Council restricts inter-basin water transfer

| 27 September 2001 23:16 IST

Several states, fighting over water diversion by the states where their rivers originate, got a shot in the arm with the working group on draft national water resource policy agreeing not to transfer water from one basin to other without mutual agreement between the concerned states.

Goa's water resources minister Ramakant Khalap had vehemently put forth the proposal at the working group meet held in Delhi on 24 September. "I will continue to be a naughty boy of the council on such issues", he told the meeting.

Informing about getting succeeded in including the major clause in the draft policy, Khalap said the draft policy would be now finalised by the water resources council, headed by prime minister Atal Bihari Vajpayee, in two months.

The crucial clause, which will now replace a vague clause in the existing policy document, will not allow any state to transfer water from one basin to the other as per their whims. Taking consent of the affected states will be mandatory.

Goa is one of the affected states as Karnataka proposes to divert water of Mhadei river, which originates in the southern state, to the basin of Krishna river by constructing seven dams and three hydroelectric projects.
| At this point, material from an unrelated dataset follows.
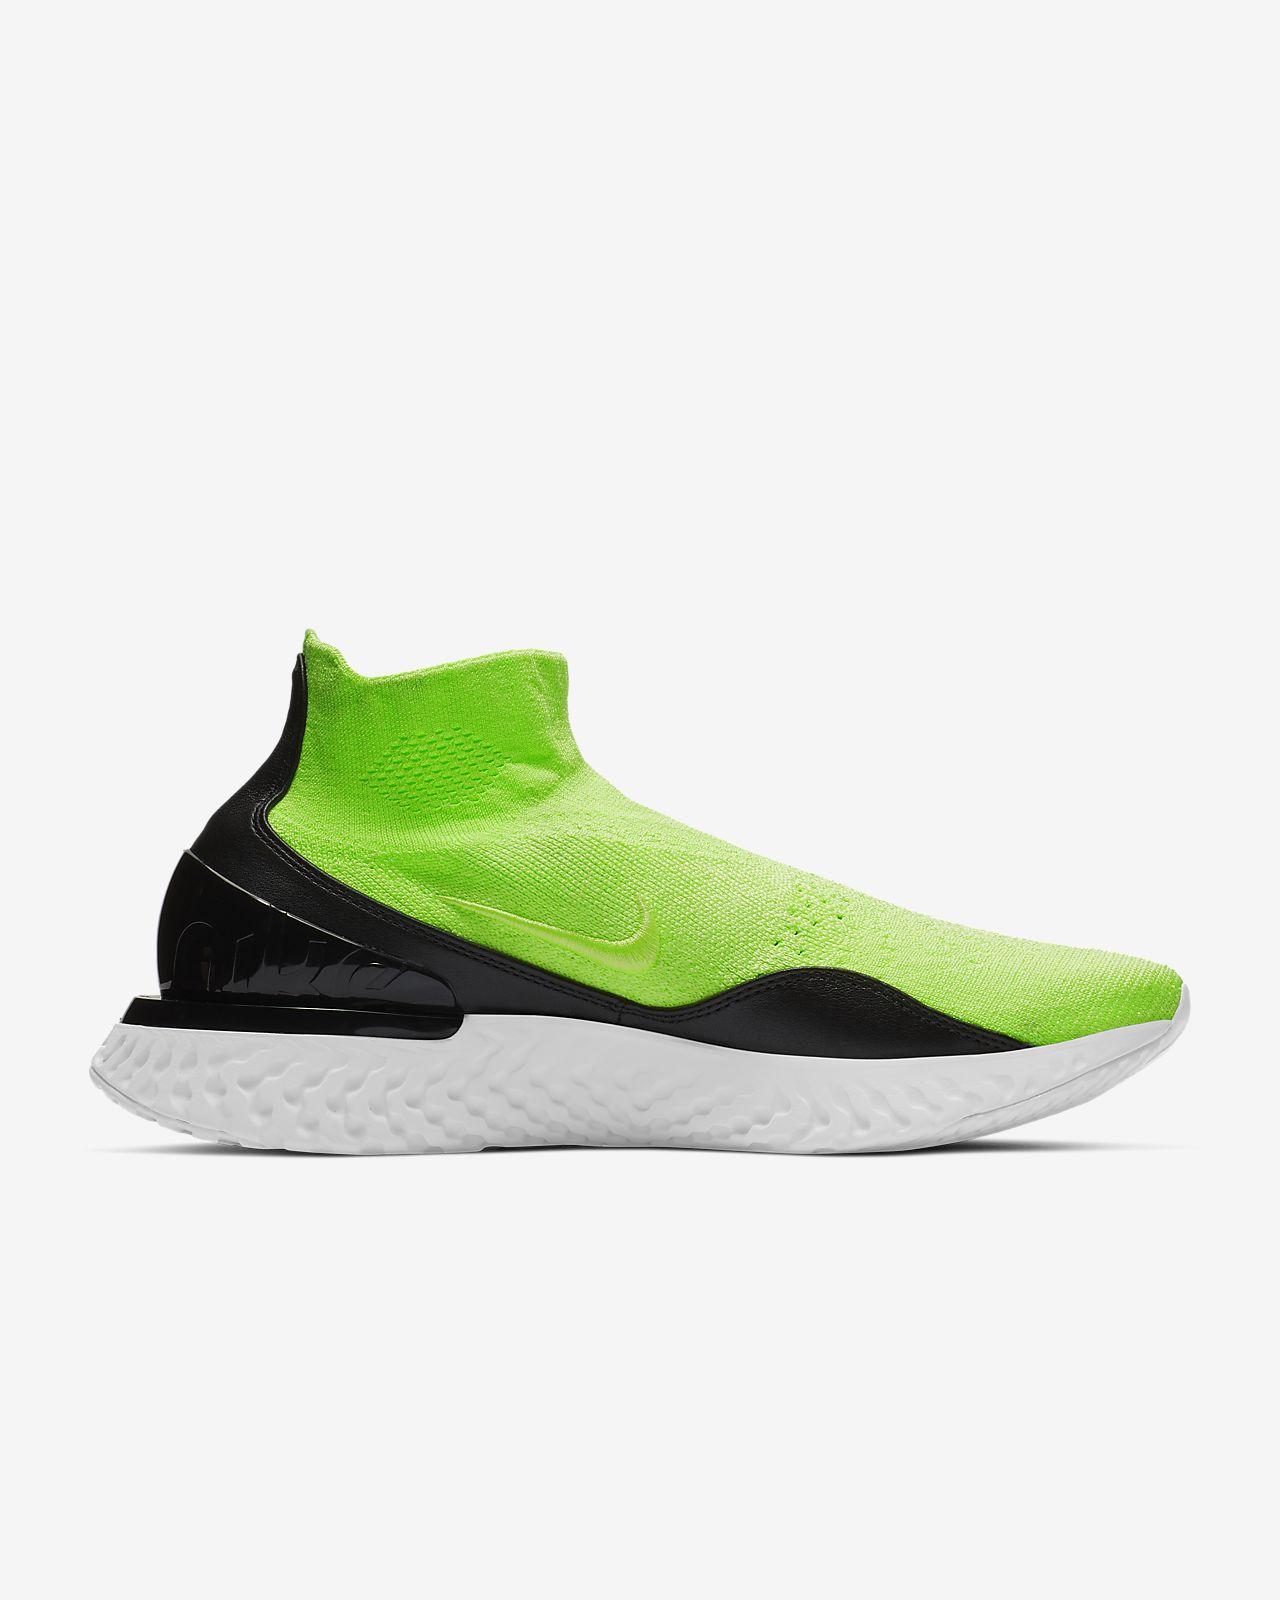 d6e8b77707a710 Nike Rise React Flyknit Running Shoe. Nike.com FI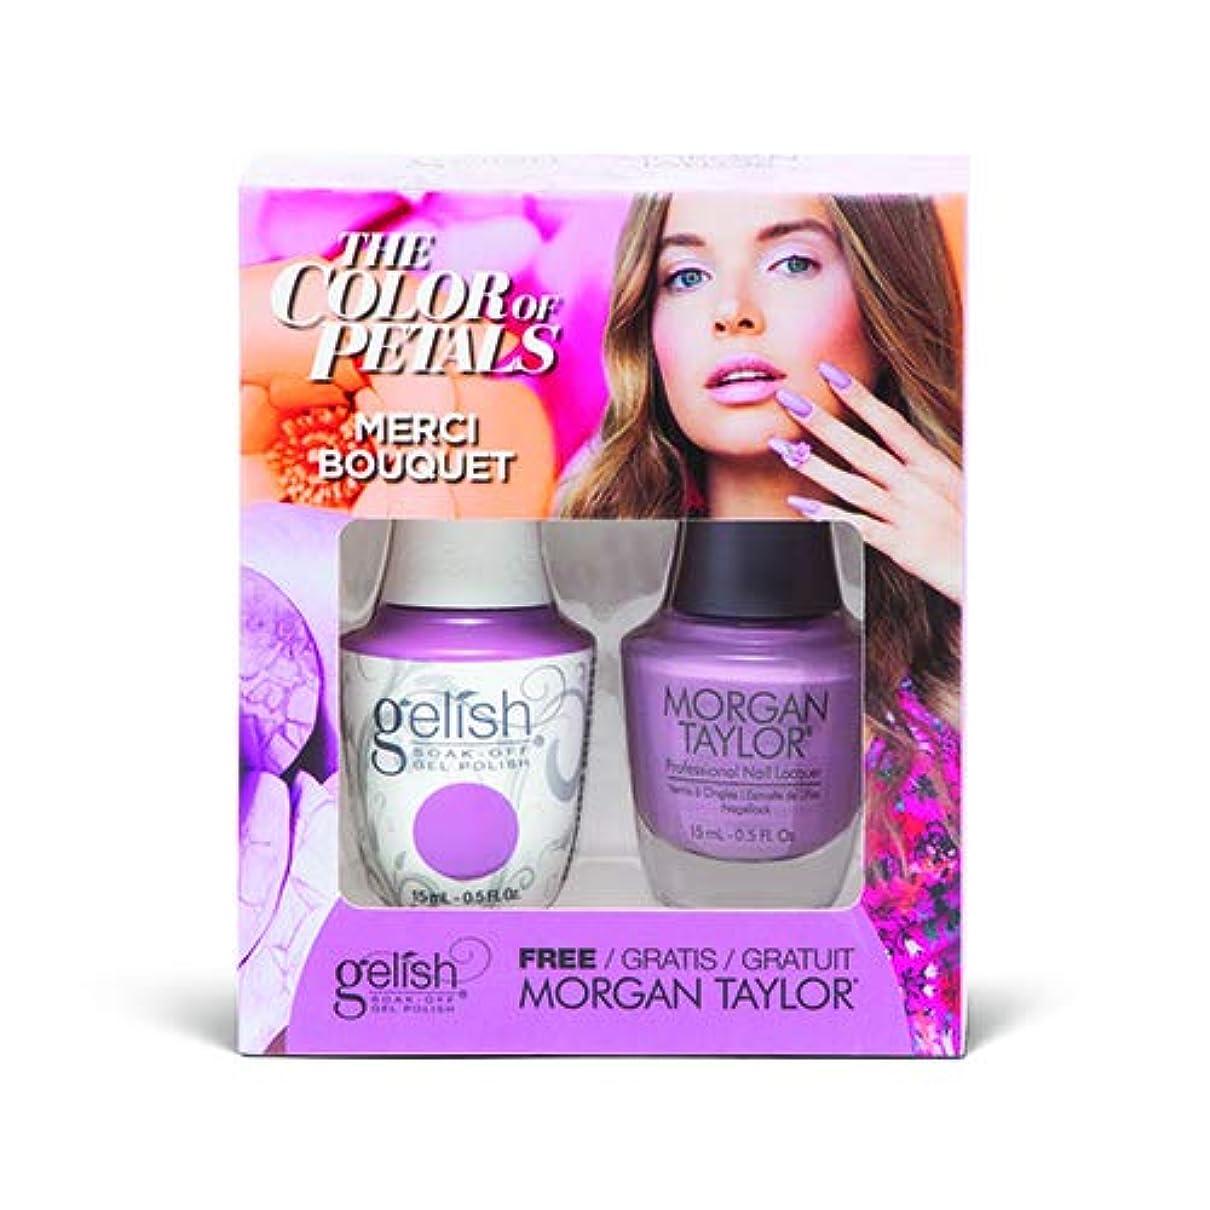 死緩やかな施設Harmony Gelish - Two Of A Kind - The Color Of Petals - Merci Bouquet - 15 mL / 0.5 Oz

The working group, at Khalap's insistence in the meeting held on 19 June, had constituted a seven-member sub-committee, headed by union minister of state Vijaya Chakraborty, to study the issue.

The sub-committee has even proposed that no agreement could be signed between the states on inter-basin water transfer unless present and future requirements of agriculture, industry, tourism, hydro power etc are taken into consideration. Study will also required to be made about its effects on ecology, salinity and drinking water situation.

Besides this, the working group has also agreed to the proposal to maintain natural flow of the river to reasonable extent, if the river is flowing, while diverting water from one basin to the other.

According to Khalap, the clause will safeguard interest of several small states like Goa, which are sidelined by the bigger states in order to give priority to their problems at the cost of people in small states.

Goa is still fighting the issue of diversion of Mhadei water under the pretext that Karnataka farmers could benefit in a big way. Mhadei, which joins the Arabian sea as river Mandovi, is considered to be lifeline of Goa.

The tourist state has now also mooted a project for drinking water, worth Rs 75 crore, on river Mhadei while it feeds at least five talukas among 11 in terms of agriculture, tourism and conveyance.